Je fixai à nouveau mon bras, gravant dans ma mémoire chaque nouveau tracé. Ce dessin particulier que nous appelions « la Marque » nous différenciait des humains. Personne ne savait réellement comment elle apparaissait, ni comment elle se développait. Cela relevait un peu de la magie. Aucun scientifique ne trouvait une réponse plausible. Lorsqu'un Chasseur naissait, un point noir pas plus gros qu'un bouchon de bouteille se gravait sur son avant-bras, non loin du creux du coude, appelé « le Centre ». Après le douzième anniversaire d'un Chasseur, sa Marque se complétait peu à peu en fonction de sa personnalité et des épreuves qu'il traversait, rendant chaque tatouage unique. C'était notre ADN, notre histoire. Il était le signe de notre parcours et de nos difficultés surmontées. Les nouveaux symboles étaient toujours douloureux, mais c'était avec fierté que nous les arborions.

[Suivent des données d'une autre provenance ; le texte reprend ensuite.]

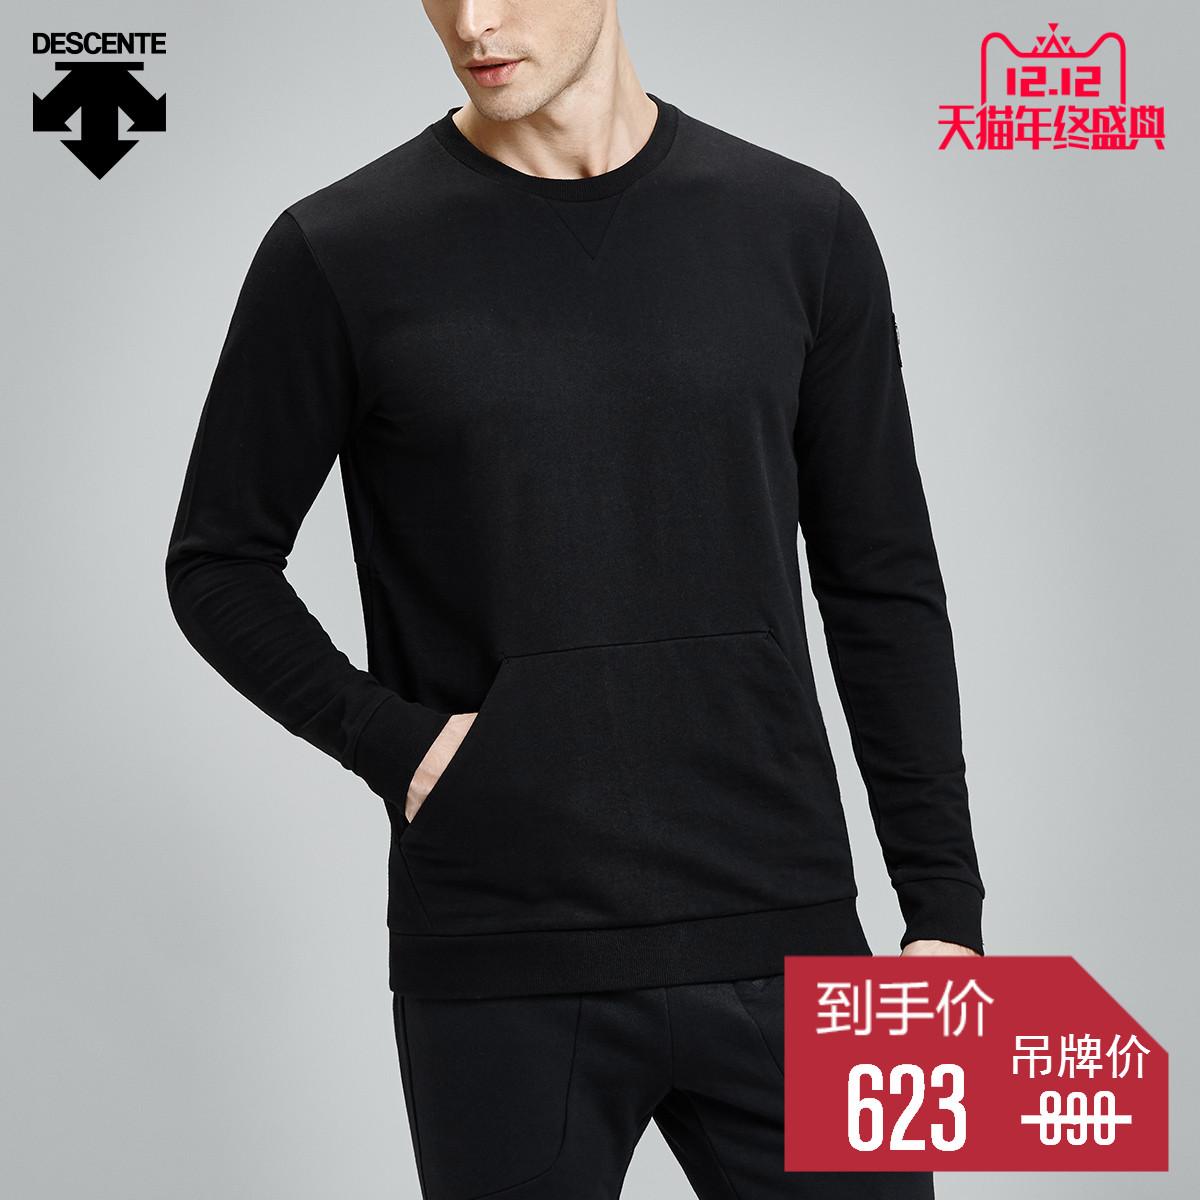 DESCENTE迪桑特男子卫衣 全棉保暖套头卫衣运动长袖T恤D6123DHT30

C'est ce qui nous rendait unique.

Depuis la toute première génération de Chasseurs, notre Marque révélait nos forces. Certains symboles revenaient souvent et avaient une signification bien précise telle qu'une colombe pour une âme pure, des ronces pour le tourment, des lames pour la vengeance... Et d'autres étaient plus complexes et possédaient un sens caché. En un seul coup d'œil, on pouvait connaître une grande partie de la vie d'un Chasseur. Montrer notre Marque était une façon de nous dévoiler, d'afficher les épreuves que nous avions traversées, nos compétences, notre caractère. Certains Chasseurs étaient réputés pour leurs tatouages uniques. Lors des conférences de la BPP, chacun portait un vêtement qui mettait en valeur sa Marque et en parlait avec fierté. Malheureusement, nous étions obligés de la cacher en présence des humains, à notre plus grand désarroi. Mais c'était ainsi. Les humaines lambdas ne pouvaient pas connaître notre existence. C'était d'ailleurs pour ça que je portais toujours des vêtements très épais à l'université. Et je croisais les doigts tous les jours pour que ma Marque ne se complète pas en plein cours. Si cela arrivait, ce serait une véritable catastrophe. Même si nous étions considérés comme des légendes urbaines par la majorité de la population, certains paieraient cher pour voir un Chasseur en chair et en os. Et étant donné que nous ne comptions pas jouer les rats de laboratoire ou assouvir les désirs malsains de certains gangsters passionnés de combats illégaux, nous avions préféré cacher ce que nous étions réellement. Tant que le secret était préservé, nous étions en sécurité. Tel était la devise de la BPP.

Pour ma part, et à mon plus grand dam, ma Marque ne s'était pas développée comme elle l'aurait dû. Elle ne s'était pas complétée à mes douze ans. Je n'étais pas fier de ma Marque. Et pendant longtemps, je m'étais demandée pourquoi j'étais si différente.

À contrario, celle de mon frère s'était transformée dès ses douze ans et ne cessait de croître. La Marque de Jase était magnifique : le Centre s'était transformé en un œil détaillé. Celui-ci pleurait un liquide rougeâtre – du sang – qui se répandait sur une dague plantée dans le sol, témoignant de la tristesse et du désir de vengeance qui l'animait depuis la perte de nos parents. Peu après, des ailes s'étaient ajoutées à cette dague, indiquant qu'il me protégeait, tel un ange gardien. Cela évoquait son caractère hyper-protecteur. Des ronces s'étaient ensuite développées tout autour, dessinant des nœuds sombres et remontant peu à peu vers son épaule, signe de son mal-être suite à la perte de nos parents. Leur mort atroce l'avait beaucoup plus affecté que moi. J'étais trop jeune pour m'en souvenir. Lui, non. Ici et là, divers symboles s'étaient mêlés à cet enchevêtrement envoûtant de ronces, rendant sa Marque exceptionnelle. Et il y avait quelques jours, un nouveau symbole que nous n'arrivions pas à déchiffrer avait fait son apparition sur sa peau légèrement halée. Un « X » sobrement calligraphié entouré d'un cercle élégant trônait sur son épaule. Rien qu'en voyant ces quelques symboles, tous les Chasseurs pouvaient ressentir la souffrance et la colère qui animaient Jase. C'était pour cela qu'on le traitait souvent avec respect à la BPP.